* [DATA SECTION]
Start of Block

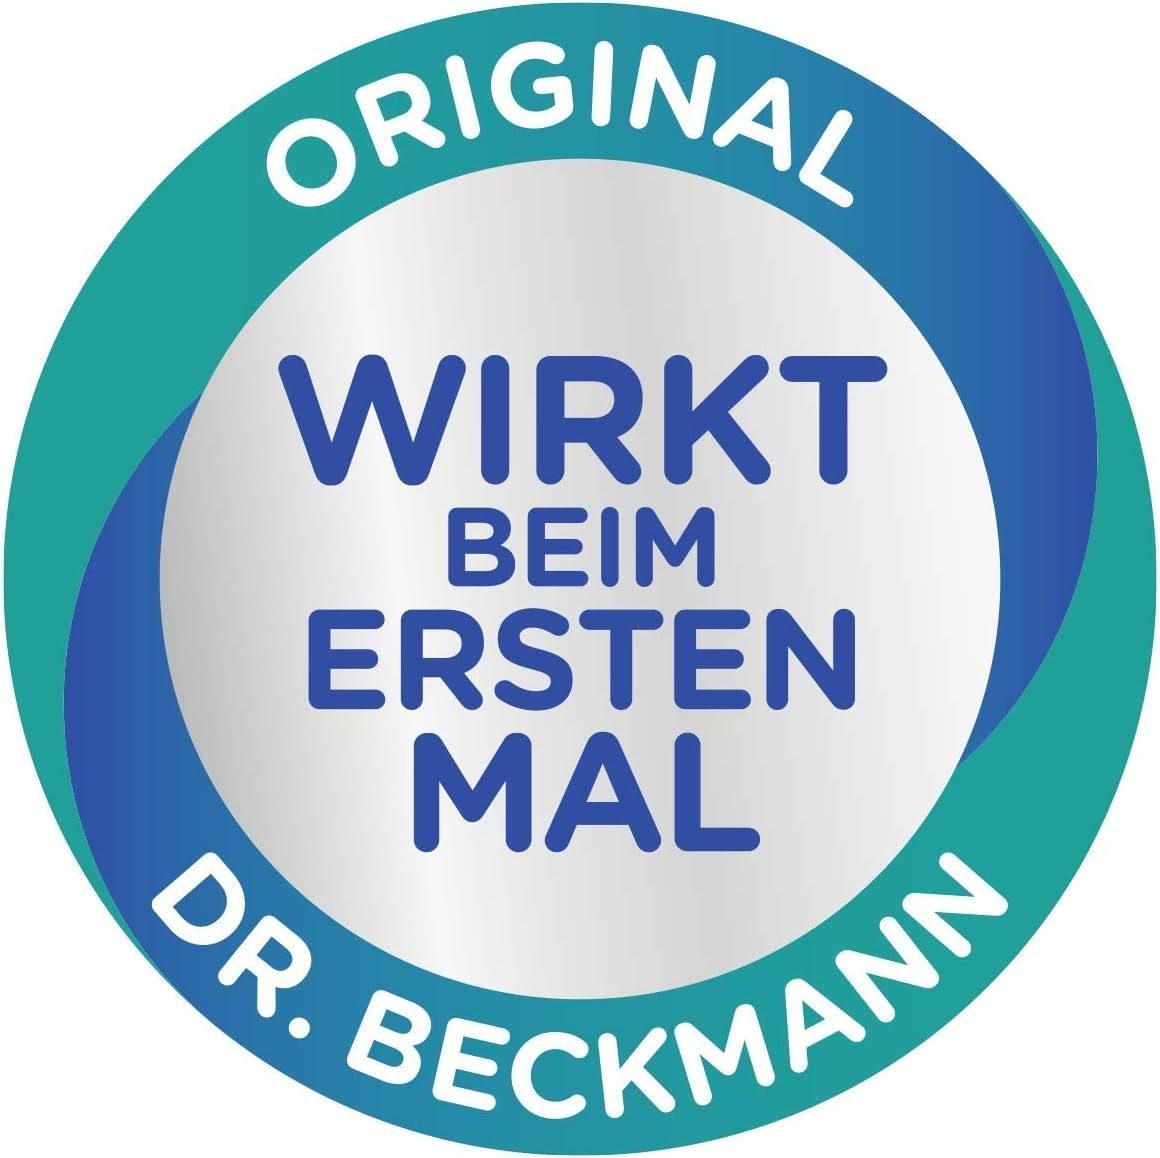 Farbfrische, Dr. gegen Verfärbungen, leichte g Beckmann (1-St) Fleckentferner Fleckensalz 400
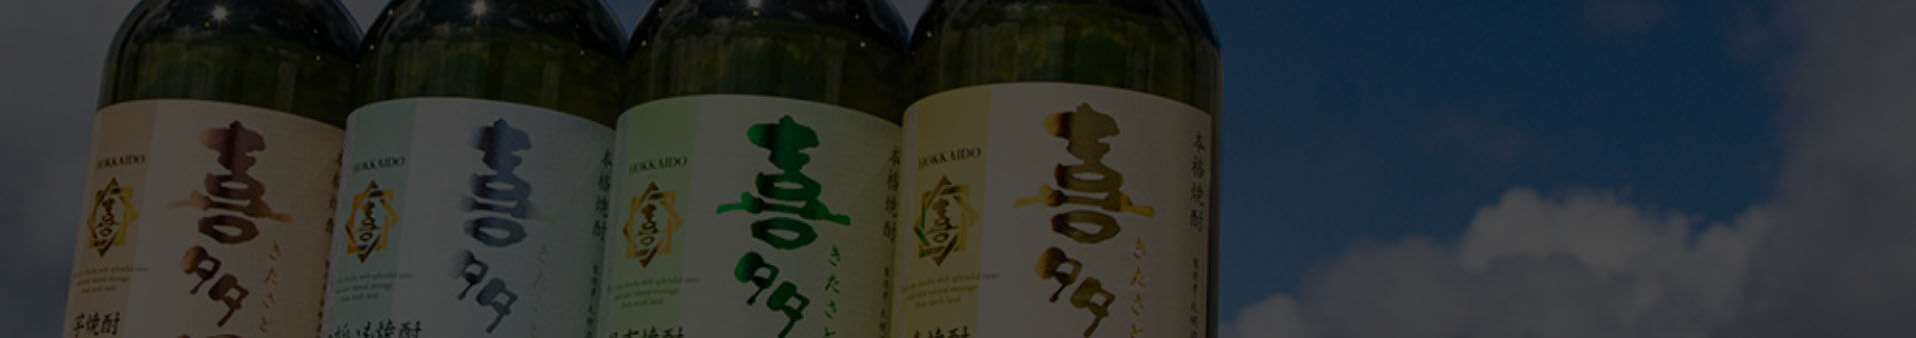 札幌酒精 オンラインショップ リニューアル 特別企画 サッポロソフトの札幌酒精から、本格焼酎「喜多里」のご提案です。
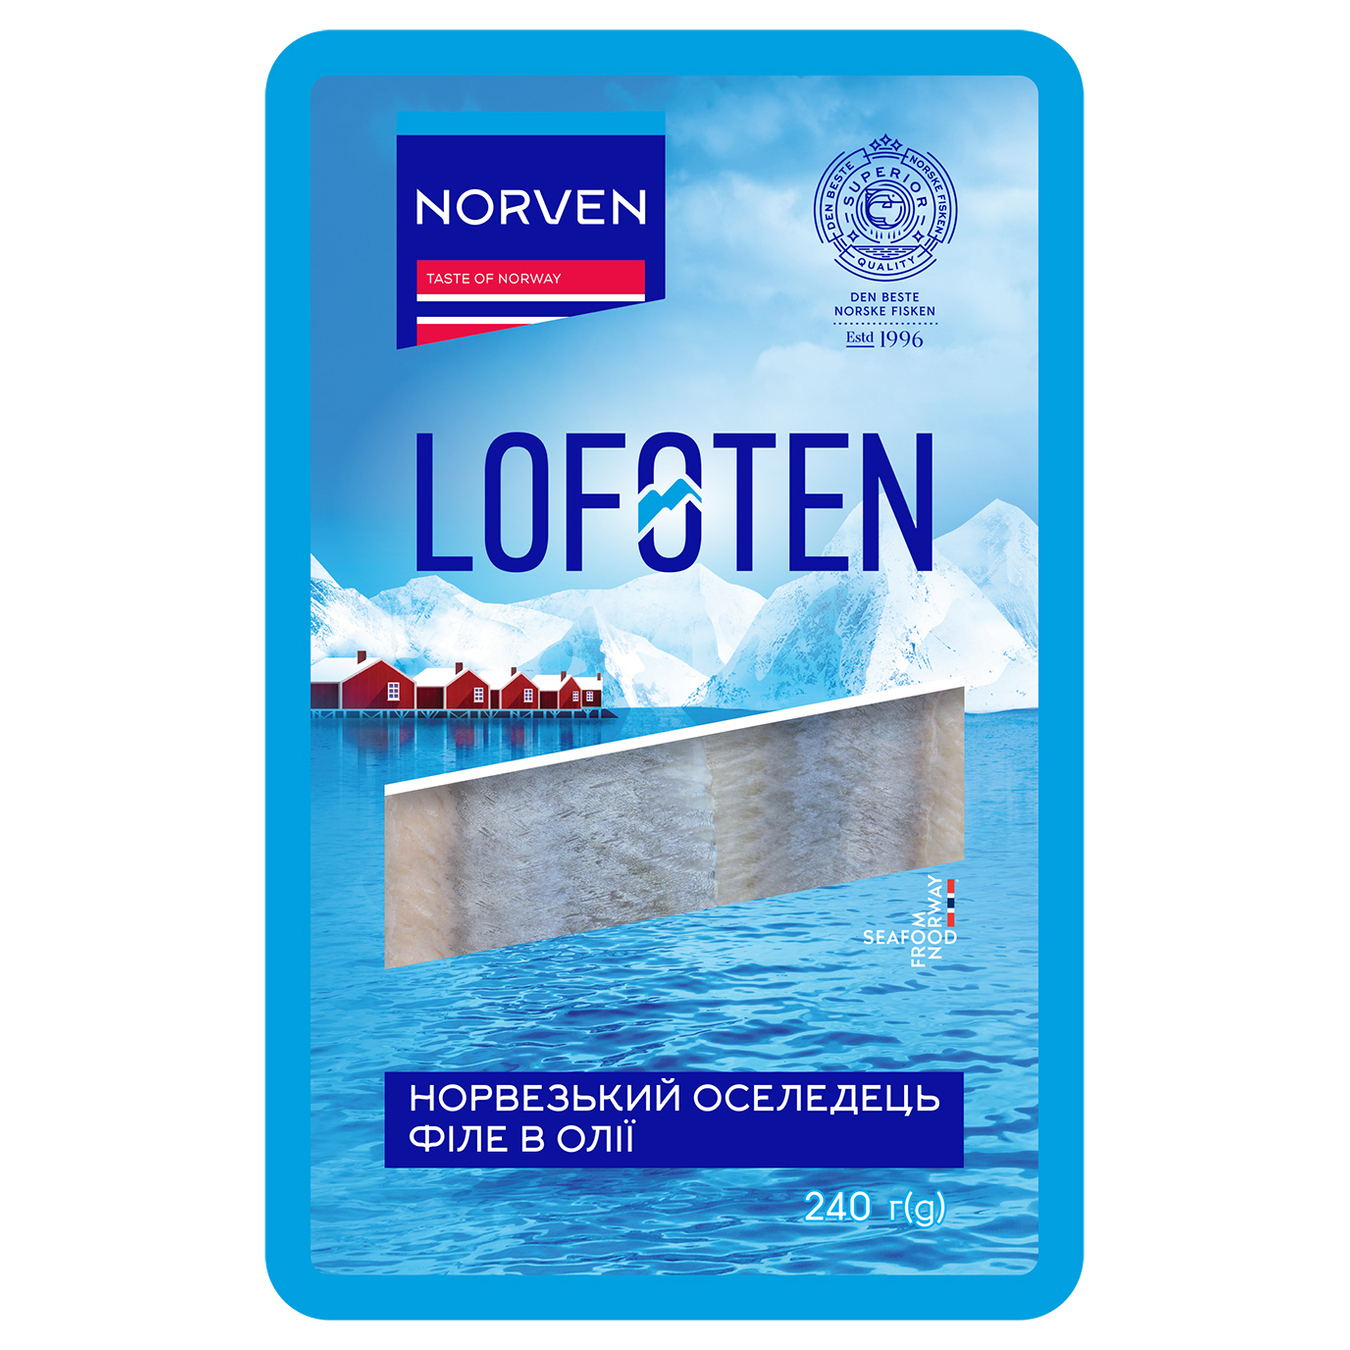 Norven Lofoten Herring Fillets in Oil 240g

End of Block

* [WORK ITEM] The task calls for duplicating the data exactly, with no images kept.

* [OUTPUT FOR THIS TASK]
 Farbfrische, Dr. gegen Verfärbungen, leichte g Beckmann (1-St) Fleckentferner Fleckensalz 400
 札幌酒精 オンラインショップ リニューアル 特別企画 サッポロソフトの札幌酒精から、本格焼酎「喜多里」のご提案です。
 Norven Lofoten Herring Fillets in Oil 240g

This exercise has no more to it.